Changes in the overall oxygen consumption and dry mass of individuals across developmental time can be used to determine the ‘cost’ of development (CoD) [37,91]. Few studies [37,91] have focused on quantification of cost of development in fish in the framework described in the current manuscript, which sets a detailed baseline for assessing oxygen requirements to produce units of mass of zebrafish embryos under different environmental conditions. In our study, CoD in AB fish was but little altered by temperature. However, in NHGRI-1 fish, low temperature increased CoD, while high temperature decreased it. These data are consistent with those from the Australian lungfish Neoceratodus forsteri, where lower temperature increased CoD [91]. In contrast, CoD increased when embryonic lake whitefish Coregonus clupeaformis was incubated in increased constant temperatures, and CoD was also influenced by temperature shifts [37]. Additionally, in our study CoD was more affected by hypoxia than temperature in both AB and NHGRI-1 lines. Hypoxia impairs growth and may affect development by increasing time to hatch in fish, decreasing hatching success, and may produce a high degree of malformations [45,85,90,92,93]. CoD in our hypoxic fish was significantly higher in both fish lines.
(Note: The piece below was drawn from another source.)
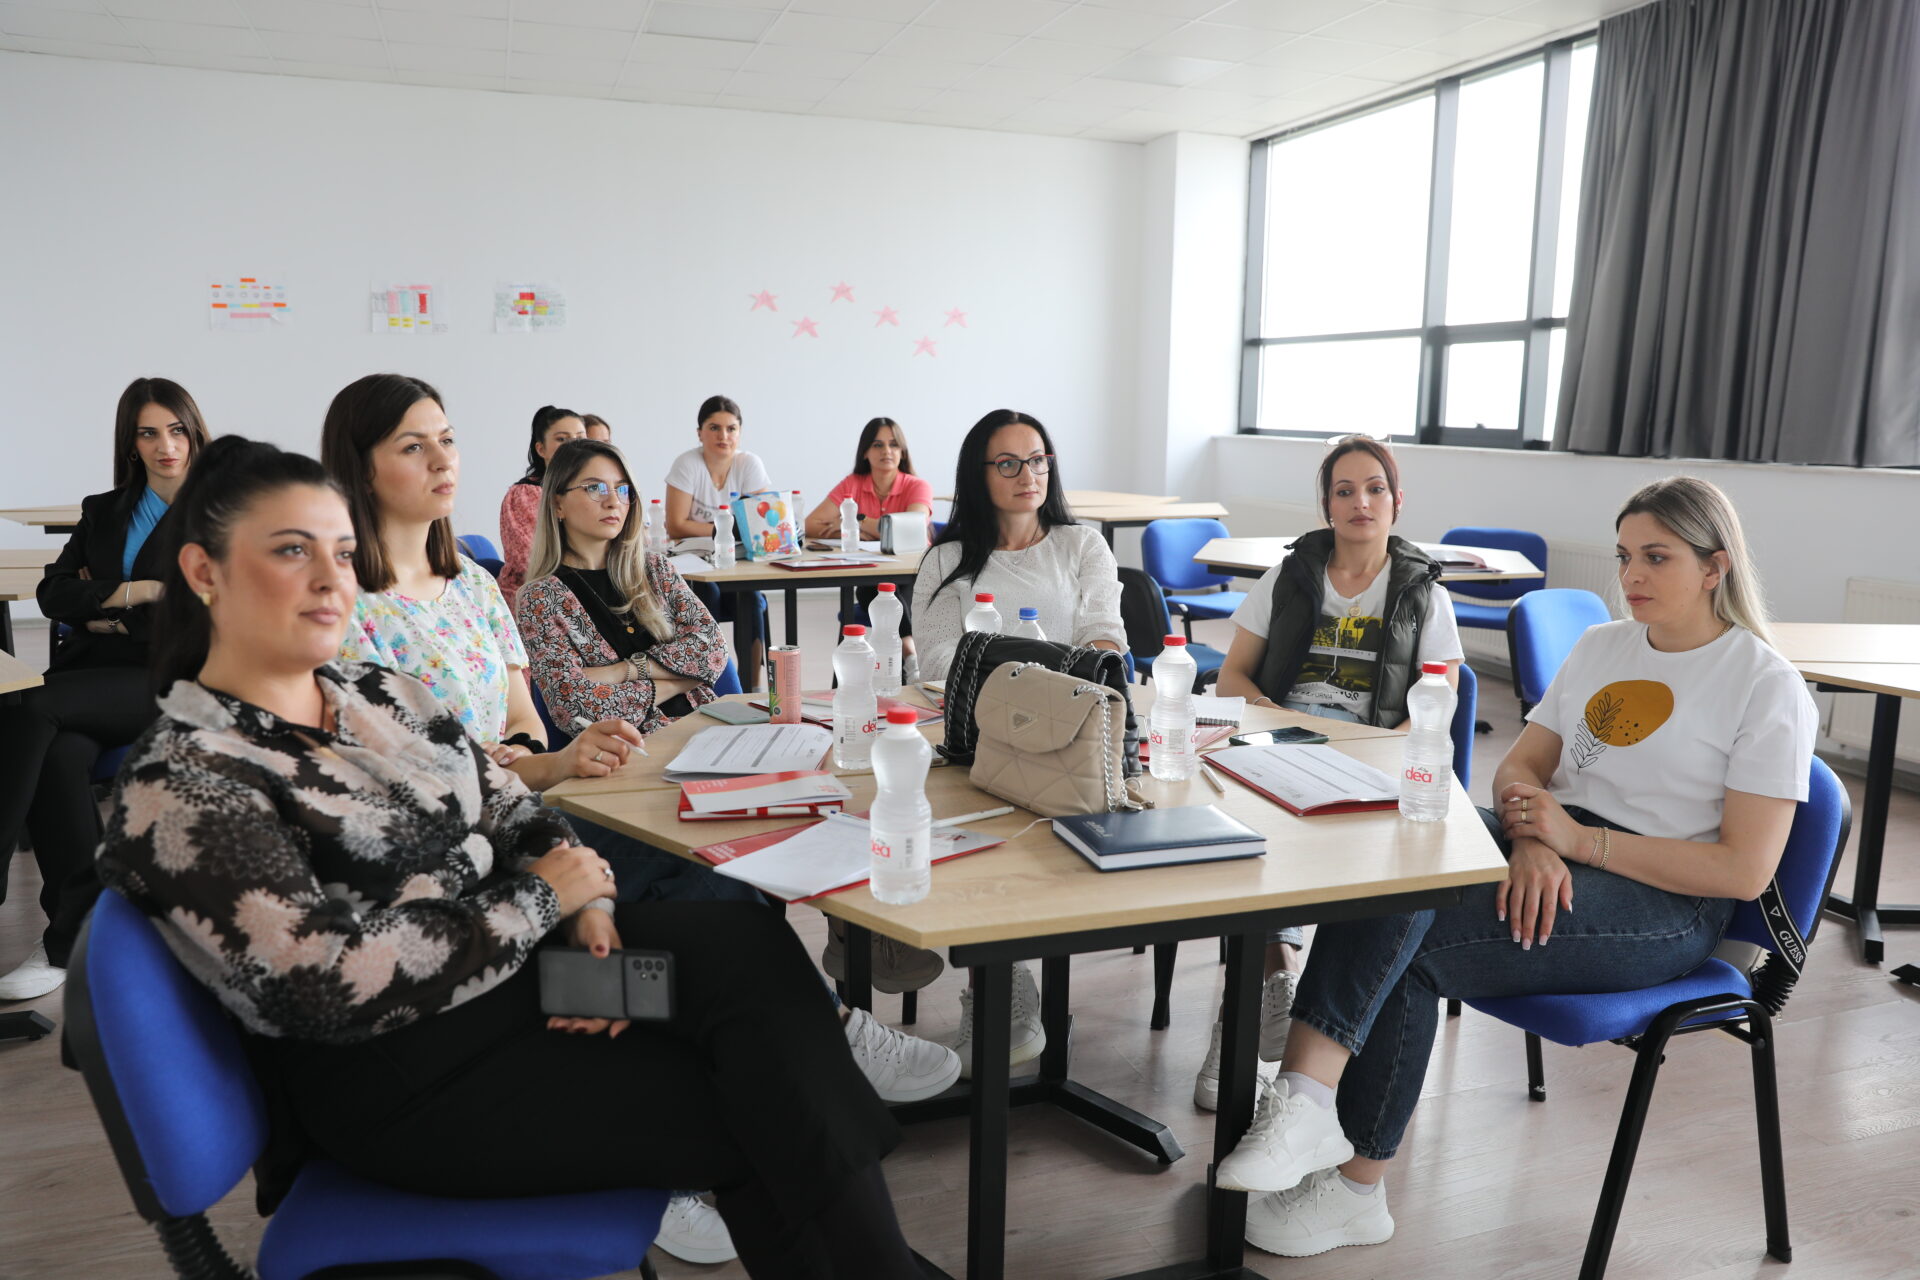 Student training starts from the Center for Professional Training and the Faculty of Social Sciences
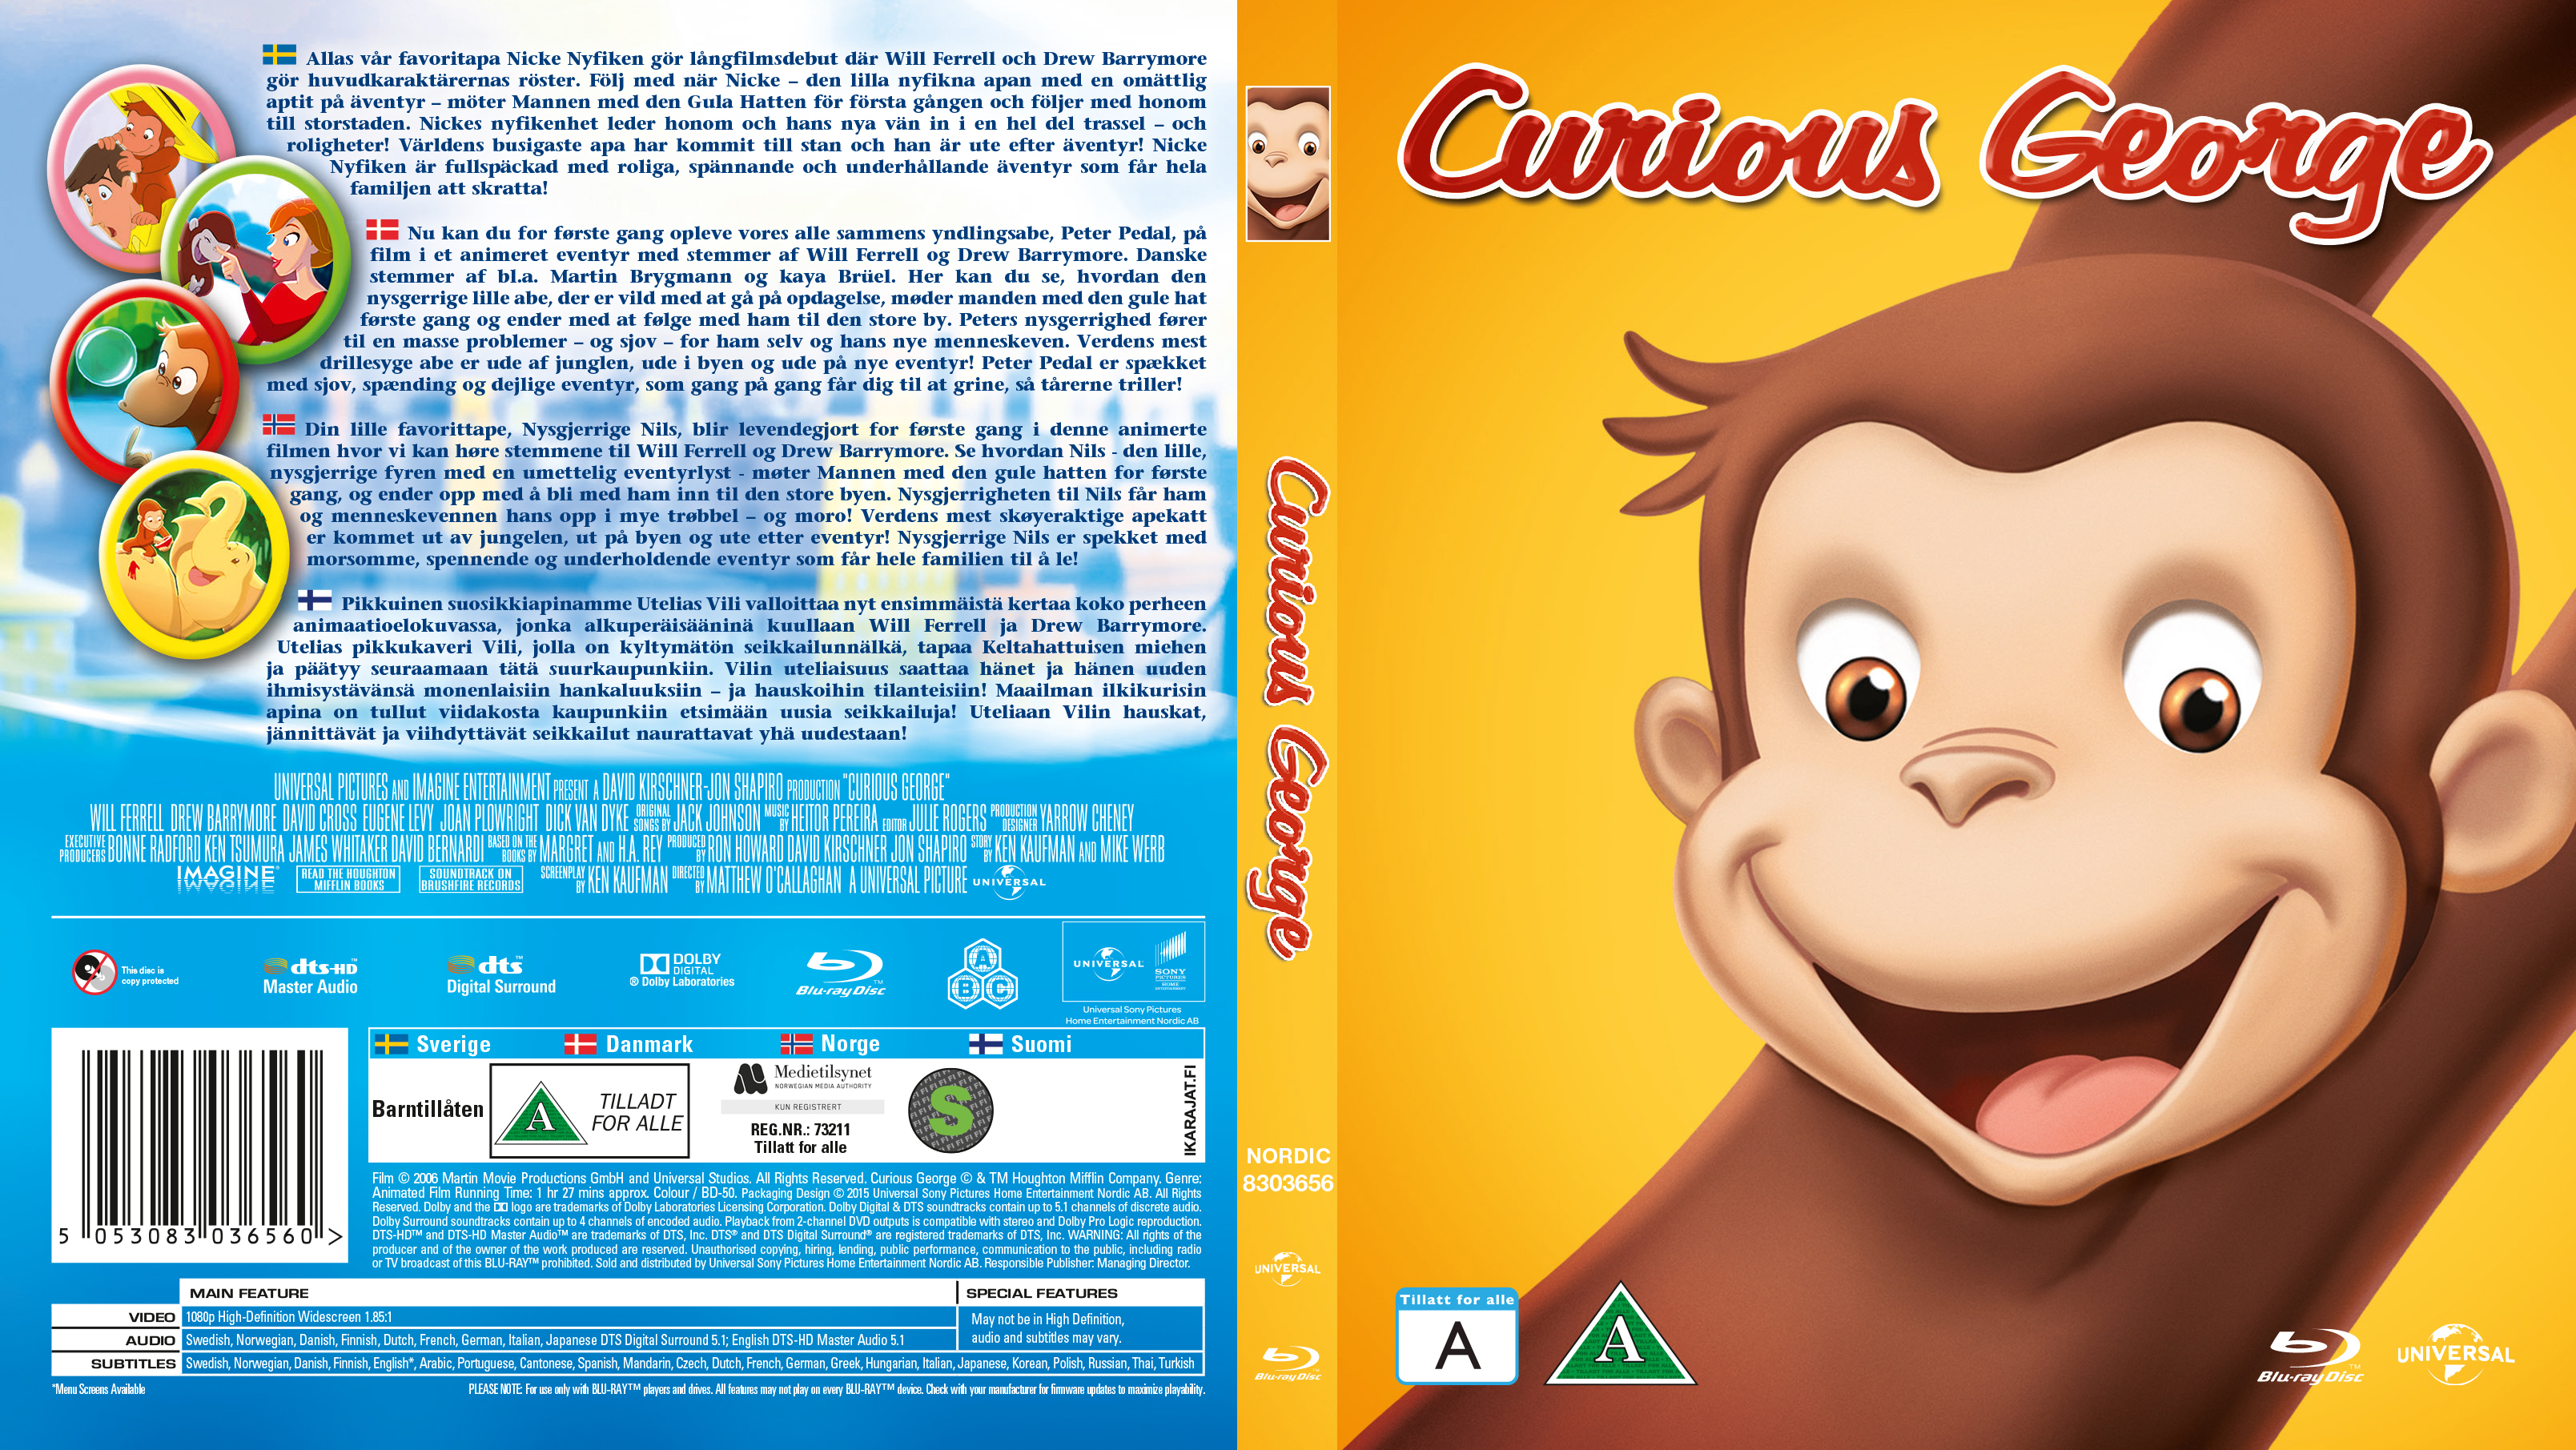 Opening to curious george dvd

A strong inverse relationship exists between CoD and yolk conversion efficiency– that is, a higher CoD is correlated with lower YCE, and vice versa. Thus, low temperature and hypoxia not only delayed developmental progression but also development was energetically more costly and less efficient in transferring yolk mass to the embryo (Figure 4 and Figure 5). Interestingly, at the end of the experiments (7 dpf), most values of YCE and CoD were similar among groups in both fish lines. This suggests that fish, even at early developmental stages, may employ self-repair mechanisms [84]. Future studies will assess possible long-term consequences regarding increased cost of embryonic development.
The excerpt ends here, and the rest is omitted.